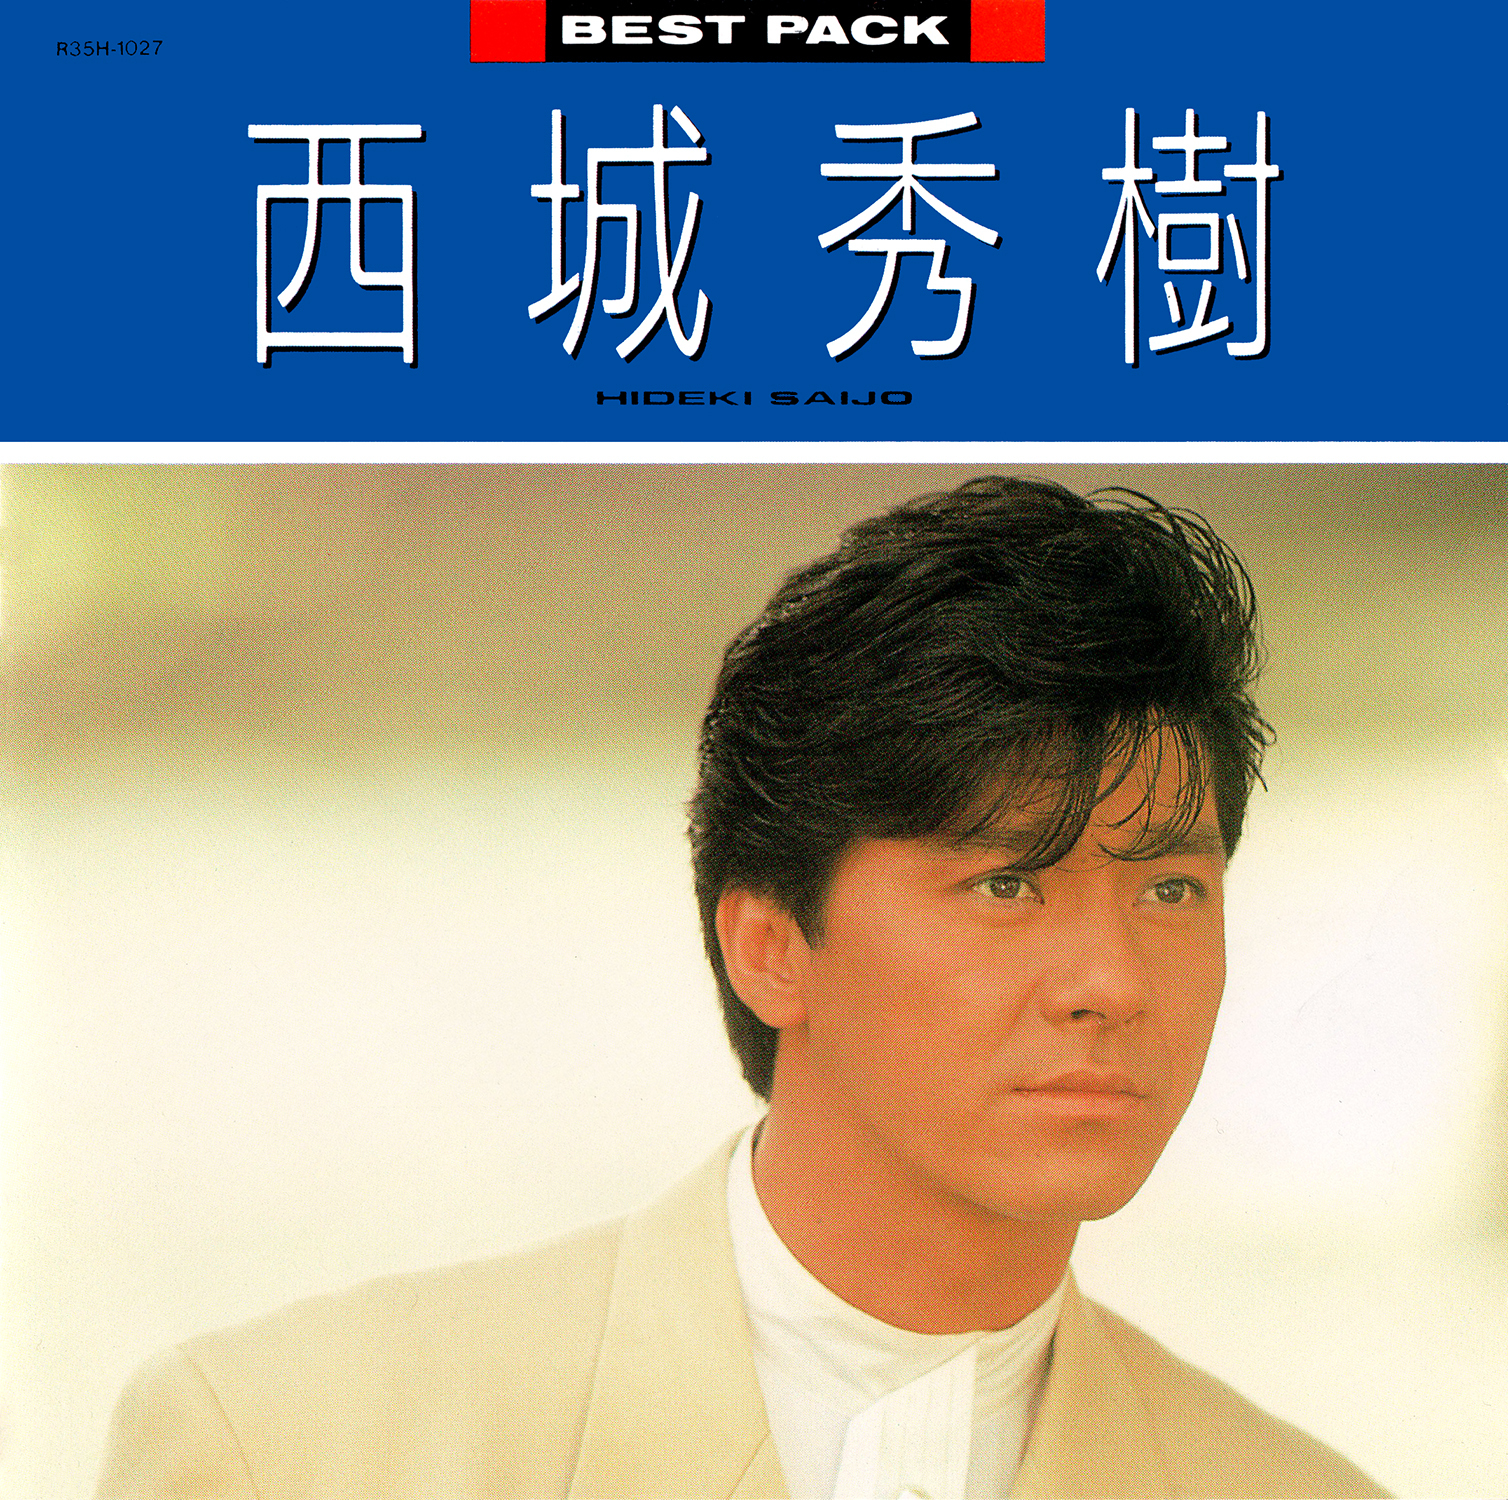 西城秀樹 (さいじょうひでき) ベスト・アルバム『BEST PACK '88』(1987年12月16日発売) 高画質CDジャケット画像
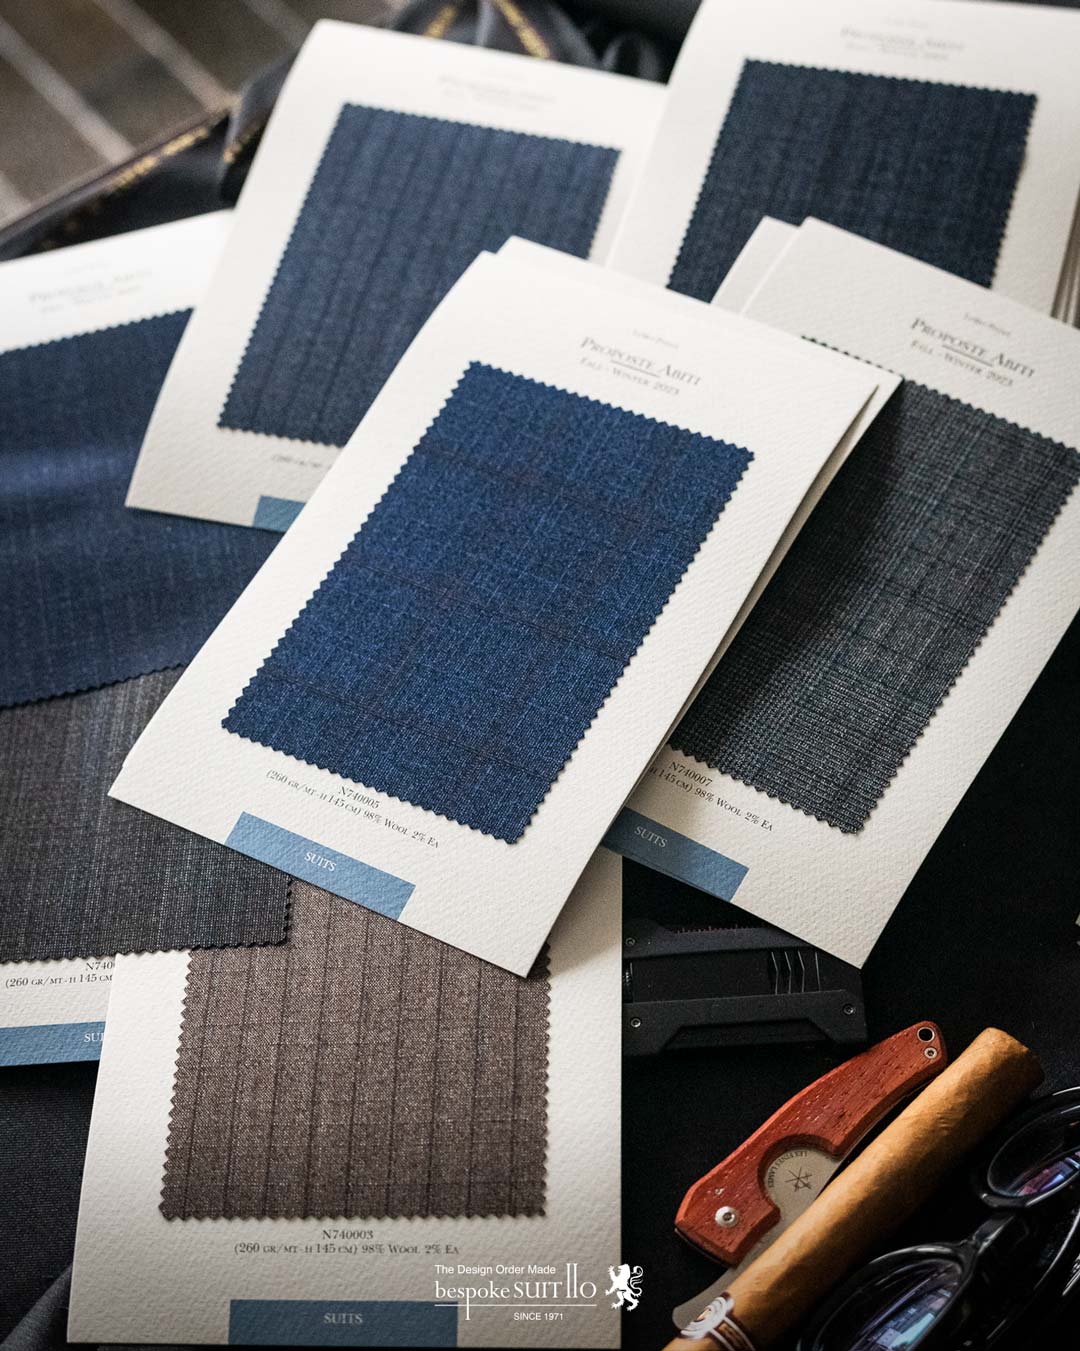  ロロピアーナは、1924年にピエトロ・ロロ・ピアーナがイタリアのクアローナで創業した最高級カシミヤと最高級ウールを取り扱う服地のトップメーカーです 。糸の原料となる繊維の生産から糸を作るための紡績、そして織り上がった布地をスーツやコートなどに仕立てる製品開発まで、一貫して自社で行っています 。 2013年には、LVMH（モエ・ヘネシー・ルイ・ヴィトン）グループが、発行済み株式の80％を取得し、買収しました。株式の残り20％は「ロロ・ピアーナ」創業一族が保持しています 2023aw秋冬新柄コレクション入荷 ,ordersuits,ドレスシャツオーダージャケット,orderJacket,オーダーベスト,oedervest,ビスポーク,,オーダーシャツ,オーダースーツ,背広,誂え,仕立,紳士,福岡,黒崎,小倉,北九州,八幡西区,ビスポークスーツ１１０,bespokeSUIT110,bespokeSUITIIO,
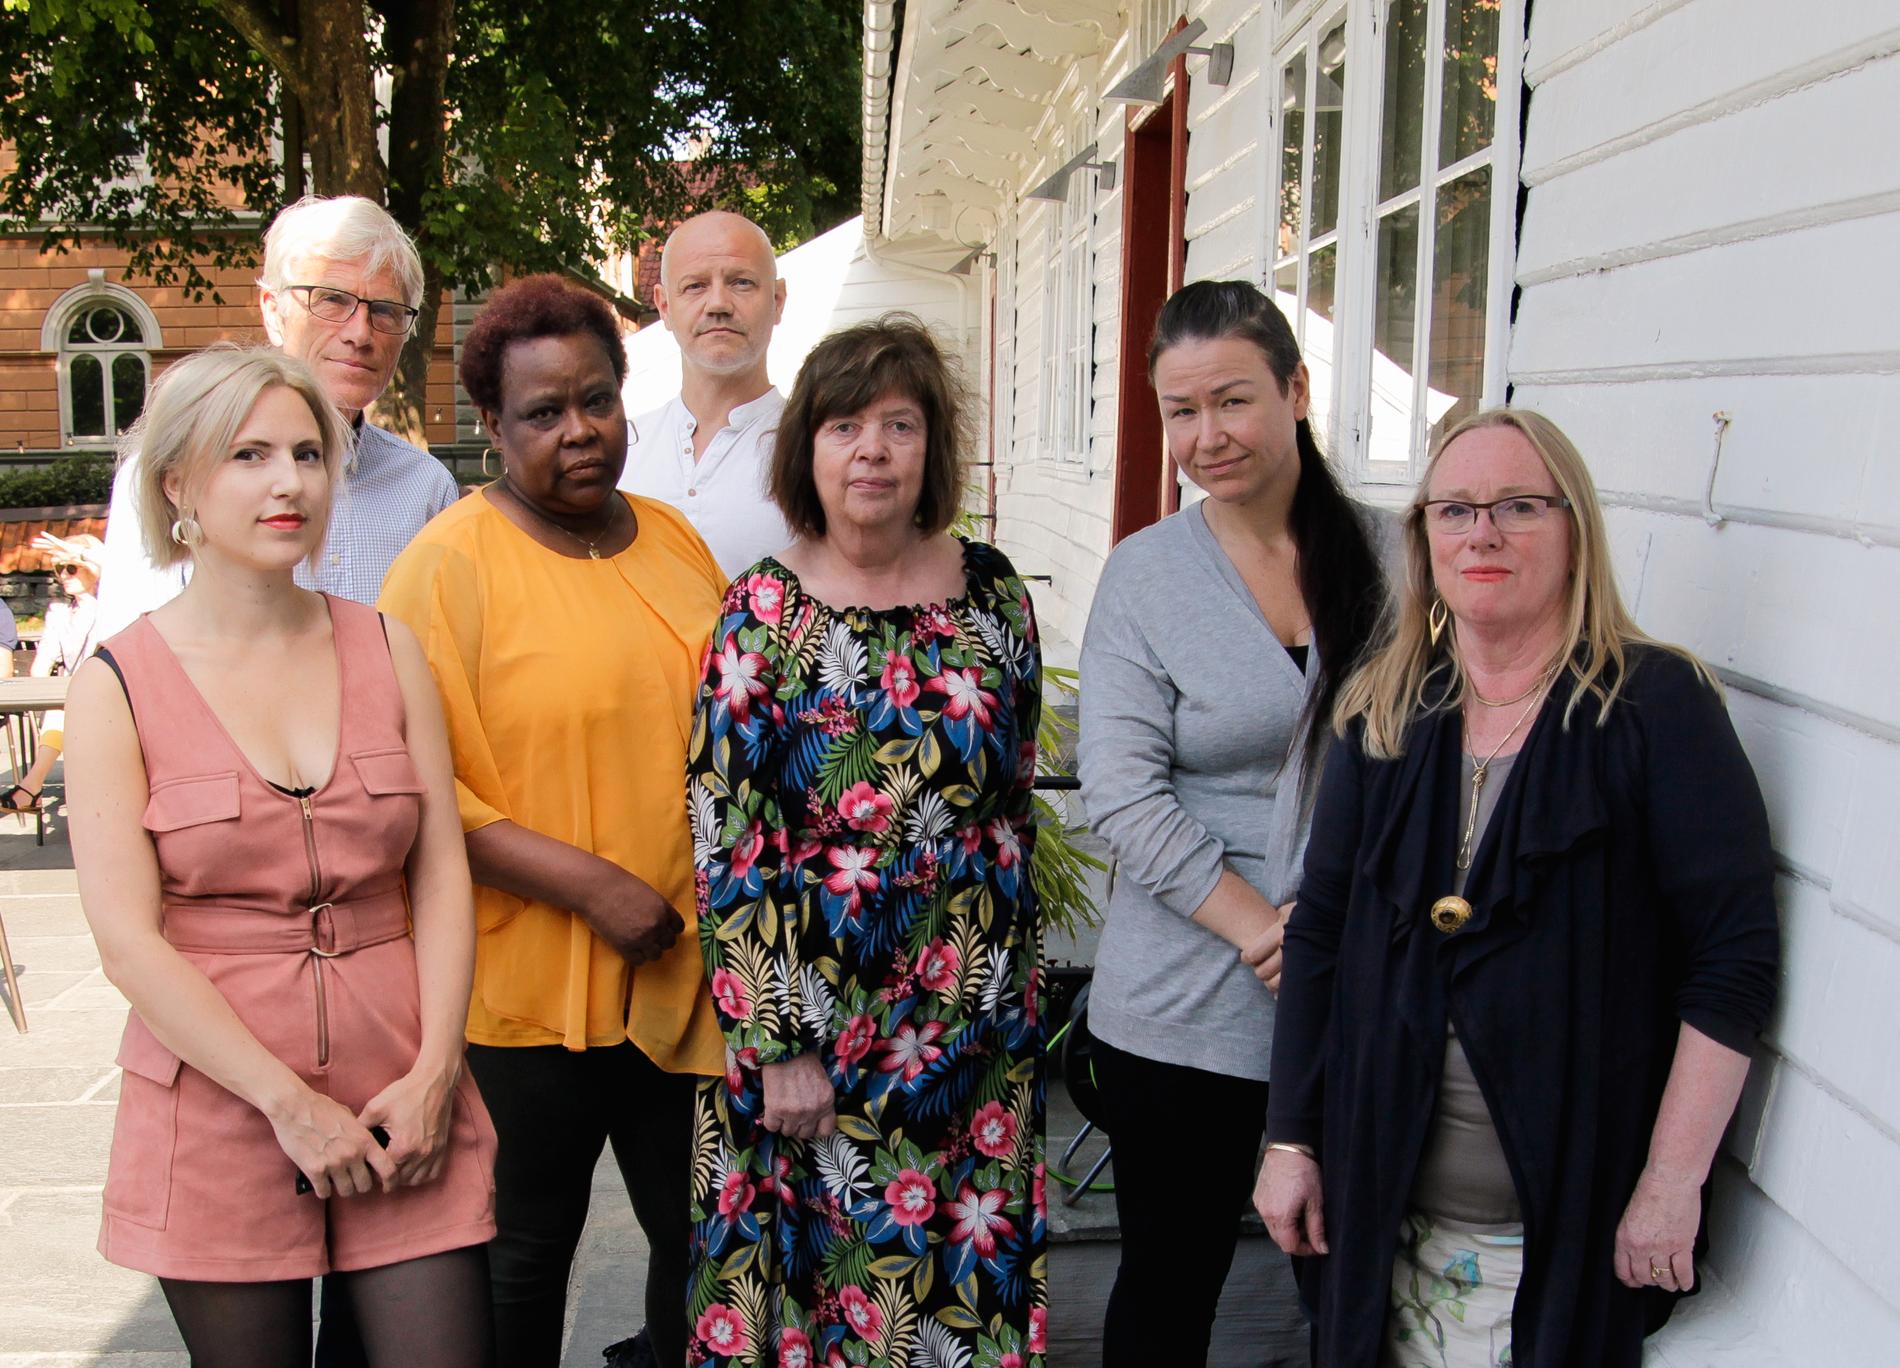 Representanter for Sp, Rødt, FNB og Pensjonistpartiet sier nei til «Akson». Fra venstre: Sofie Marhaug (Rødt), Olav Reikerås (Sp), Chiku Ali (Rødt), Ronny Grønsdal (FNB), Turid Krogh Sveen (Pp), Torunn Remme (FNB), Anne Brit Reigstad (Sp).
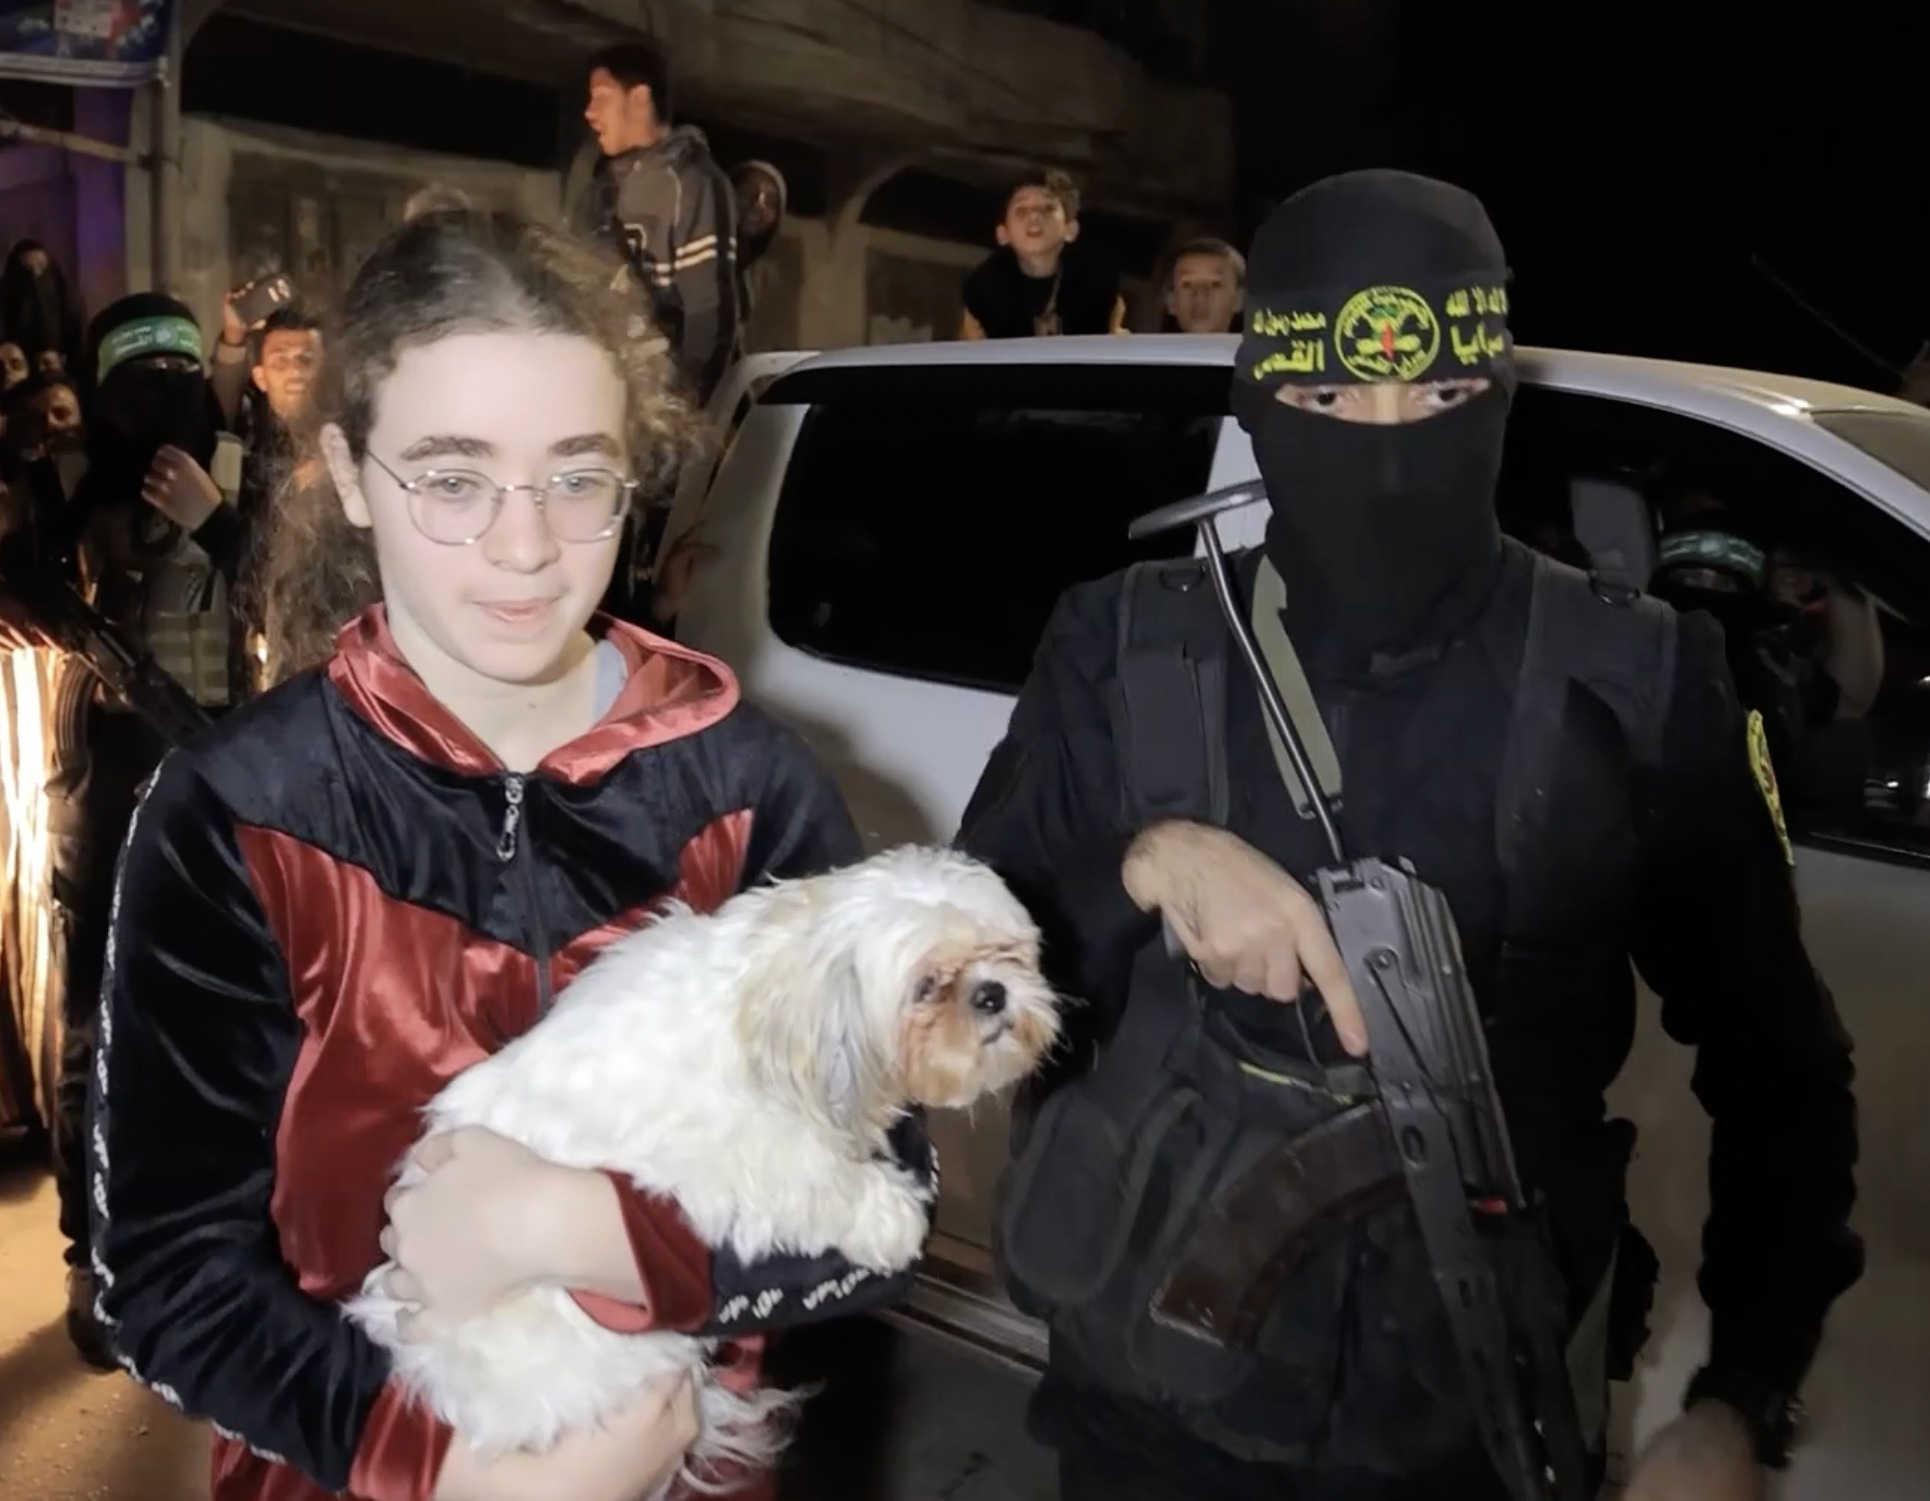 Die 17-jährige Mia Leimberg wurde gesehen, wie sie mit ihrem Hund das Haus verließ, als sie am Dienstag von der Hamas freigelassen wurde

_What the exercise asks_.
Take the lines from the one holding "Representanter for Sp, Rødt, FNB" through the last line of the data above and copy them exactly, both ends included, omitting all pictures.

_Final answer_.
 Representanter for Sp, Rødt, FNB og Pensjonistpartiet sier nei til «Akson». Fra venstre: Sofie Marhaug (Rødt), Olav Reikerås (Sp), Chiku Ali (Rødt), Ronny Grønsdal (FNB), Turid Krogh Sveen (Pp), Torunn Remme (FNB), Anne Brit Reigstad (Sp).
 Die 17-jährige Mia Leimberg wurde gesehen, wie sie mit ihrem Hund das Haus verließ, als sie am Dienstag von der Hamas freigelassen wurde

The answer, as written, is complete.